The prompt involves real-time conversation, online/offline users, and multi-device behavior.
You hear delivery status, unread counts, and reconnect/replay requirements.
Ordering, dedupe, and eventual consistency are all mentioned together.
The main challenge is not storing text; it is reliable delivery under network churn.

Approach (Step-by-step)

This is where senior candidates show decision quality, not just component naming.

1
Clarify chat scope, conversation types, and message semantics first.
2
Design durable write path with sequence assignment and idempotency keys.
3
Design real-time delivery path for online users via gateway + pub-sub.
4
Design offline path: queue notifications and cursor-based replay.
5
Define delivery/read receipt state machine and source-of-truth updates.
6
Plan sharding strategy by conversation/user and load hotspots.
7
Design failure handling for disconnects, retries, duplicates, and delayed acks.
8
Define observability for delivery latency, ack timeout, queue lag, and reconnect success.

Key Trade-offs

Think of this as decision math: where does load move, what fails first, and what user experience are you willing to protect.

Strict ordering

Simplifies user expectation in a conversation, but coordination overhead rises under scale and multi-region writes.

Eventual local ordering

Improves availability and throughput, but users may briefly see reordering during reconnect.

Decision lens: Guarantee strict order per conversation shard; avoid unnecessary global ordering constraints.

Push-heavy fan-out

Great for low-latency online delivery, but can amplify load in large groups/channels.

Buffered/batched fan-out

Lower infrastructure pressure for very large audiences, but can slightly increase perceived freshness delay.

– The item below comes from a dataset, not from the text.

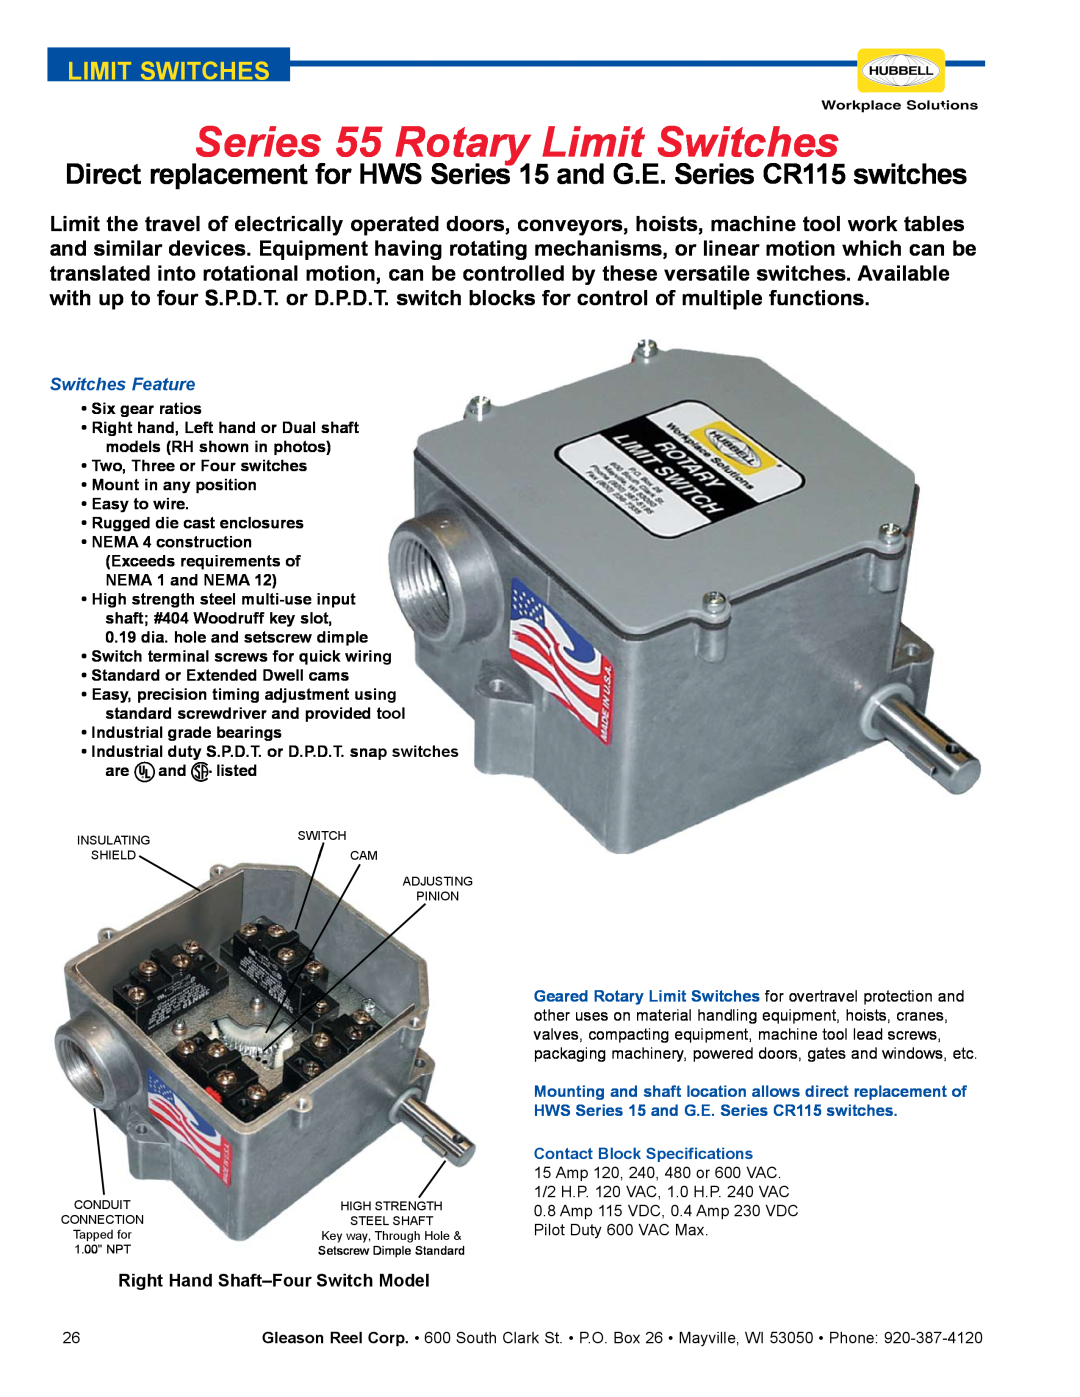 Hubbell specifications Series 55 Rotary Limit Switches, Switches Feature, Right Hand Shaft-Four Switch Model 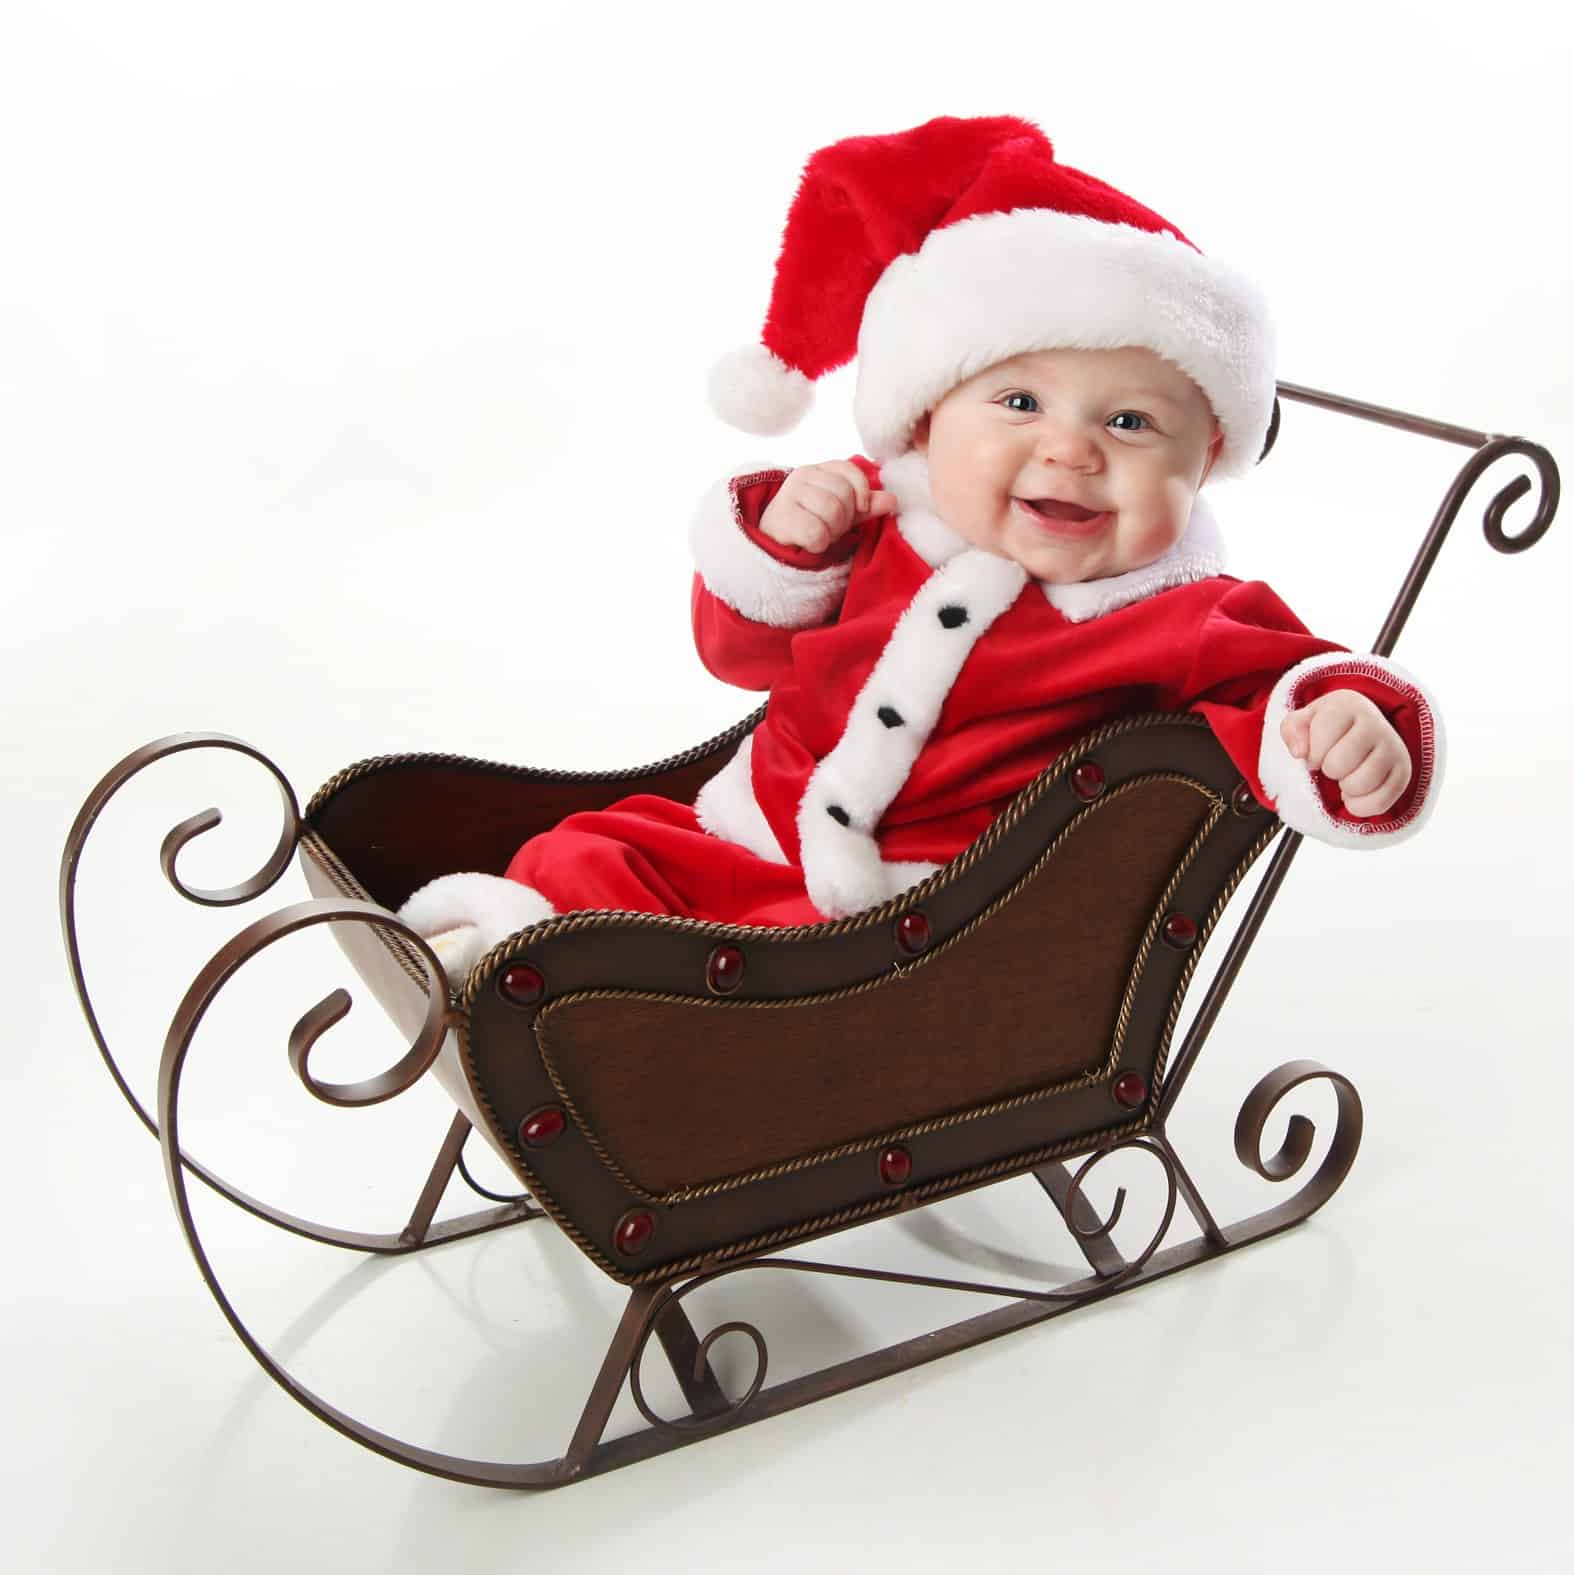 Adorable young baby wearing a santa claus suit and hat sitting in a metal Christmas snow sleigh

Decision lens: Use direct push for small chats and buffered fan-out for high-member conversations.

Strong receipt guarantees

Higher confidence in delivery/read state, but more write amplification and state sync complexity.

Best-effort receipts

Lower cost and simpler operations, but occasional receipt inconsistencies can confuse users.

Decision lens: Keep sent/delivered durable; treat read receipts with bounded eventual consistency.

Scale Realism (Numbers That Matter)

Follower distribution: Chat load is skewed by conversation type: most are low-volume, but a few large groups/channels dominate fan-out traffic.
Traffic profile: A plausible global profile is 40k-120k message writes/sec with read receipts/typing events often 2x-5x message volume.
Latency target: Target p95 send-to-deliver under 250ms for online recipients, with deterministic replay for offline devices.
Failure envelope: If websocket disconnect rate spikes, queue lag exceeds 10s, or ack timeout ratio crosses 2%, trigger degraded mode and prioritize core message delivery.

Hybrid Switching Rules (Operational Logic)

These rules make hybrid strategy measurable and observable.

Conversation-size rule: small chats use direct fan-out; very large channels use buffered/batched fan-out.
Reconnect rule: clients request incremental replay from last acknowledged message cursor.
Ack-timeout rule: if delivery ack timeout grows, reduce non-critical events (typing/presence) first.
Backpressure rule: if queue lag crosses threshold, prioritize durable message events over read-receipt updates.

Read Path Deep Dive

Message ordering should be defined per conversation, not globally.
Use monotonic sequence numbers per conversation shard to simplify replay and dedupe.
Treat typing and presence as lossy, but message delivery as durable.
Read receipts need explicit semantics to avoid cross-device confusion.
Offline replay must be bounded and cursor-driven to prevent unbounded resync storms.

Latency Budget Breakdown

Map each component to a concrete budget so p95 targets are enforceable.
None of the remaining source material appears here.